Lokale sprzedają się na pniu. Ze wstępnych szacunków firmy doradczej JLL wynika, że tylko na sześciu rynkach – w Warszawie, Krakowie, Trójmieście, Wrocławiu, Poznaniu i Łodzi – firmy deweloperskie sprzedały 64–65 tys. lokali. Bardzo aktywni są inwestorzy. Kupują nieruchomości nie tylko za gotówkę, ale coraz częściej także na kredyt. Popyt na mieszkania nie słabnie. Firmy chcą więc zarobić, ile się da, dopóki trwa hossa. Wchodzą na nowe rynki, rozbudowują osiedla, szukają gruntów.
Szyki deweloperom może pokrzyżować ustawa przekształceniowa zmieniająca prawo użytkowania wieczystego terenów pod osiedlami w prawo własności. Budujące mieszkania firmy zaczynają bić na alarm, że sądy wieczystoksięgowe są zalane wnioskami związanymi z uwłaszczeniem.

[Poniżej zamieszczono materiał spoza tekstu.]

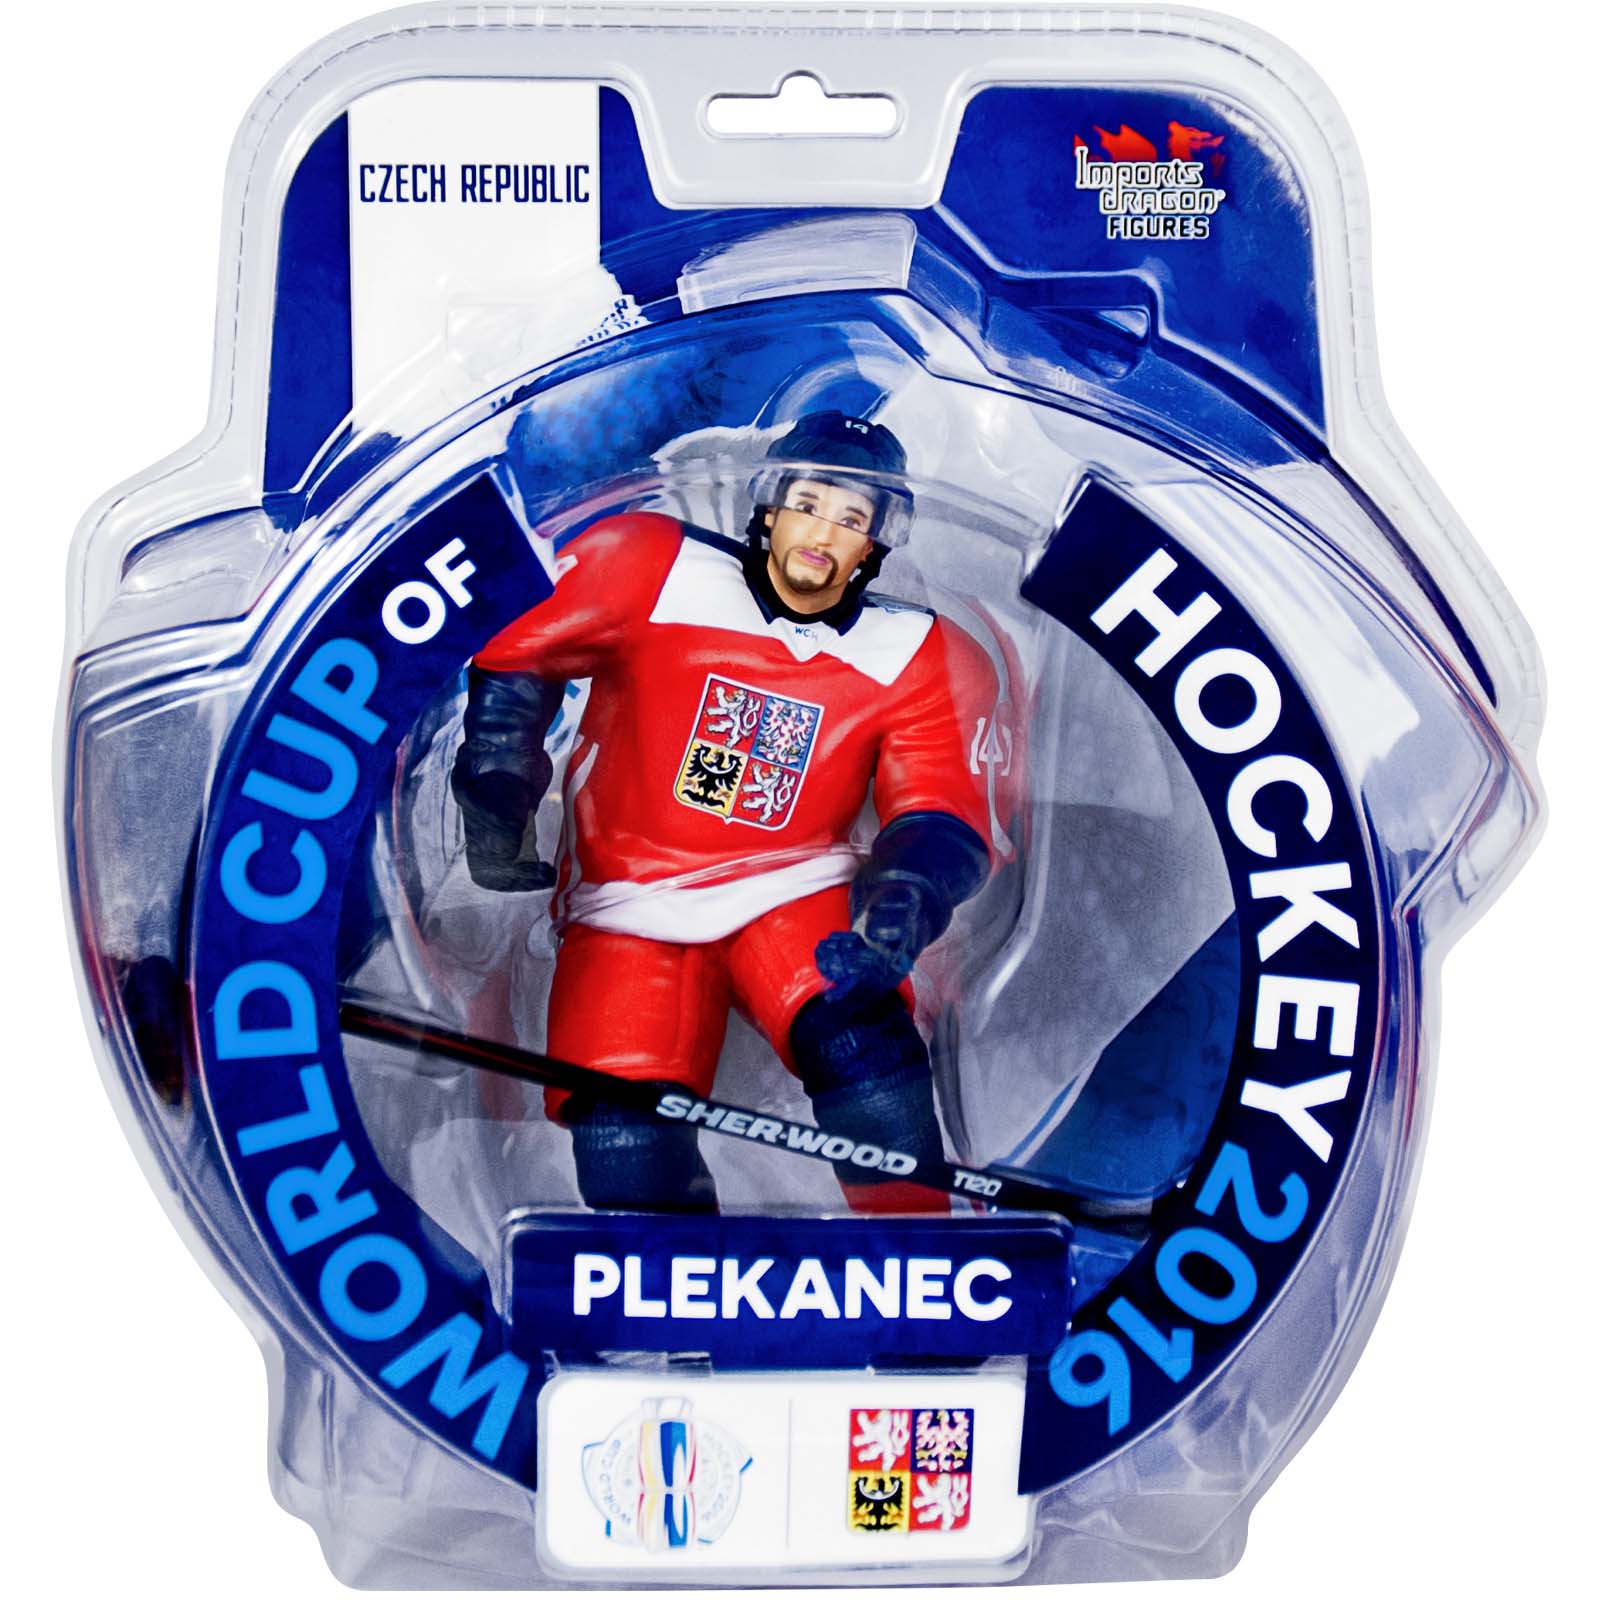 Tomas Plekanec Czech Republic Limited Edition 6 inch Figurine - BigBoi Cards

Oczekiwanie na wpis do księgi wieczystej – czy to prawa własności, czy hipoteki – wydłużyło się z mniej niż miesiąca nawet... do pół roku. Tracą na tym i deweloperzy, i klienci. Jak mówią na naszych łamach eksperci Polskiego Związku Firm Deweloperskich, wiele banków nie chce wypłacać spółkom kredytu bez załatwienia formalności wieczystoksięgowych. Pół roku czekania to wymierne straty. Już słychać głosy, że klienci rezygnują z mieszkania na jakimś osiedlu, wybierając inną inwestycję.
Ogromne korki w księgach wieczystych to także problemy dla klientów. Do czasu wpisu hipoteki płacą wyższą ratę kredytu. Choć sądy pracują pełną parą, to paraliżu i tak nie da się uniknąć. Z mocy ustawy właścicielami gruntów pod budynkami mieszkalnymi stało się 2,5 mln użytkowników wieczystych. Sądowi referendarze mają co robić, mimo że resort sprawiedliwości dał dodatkowe etaty.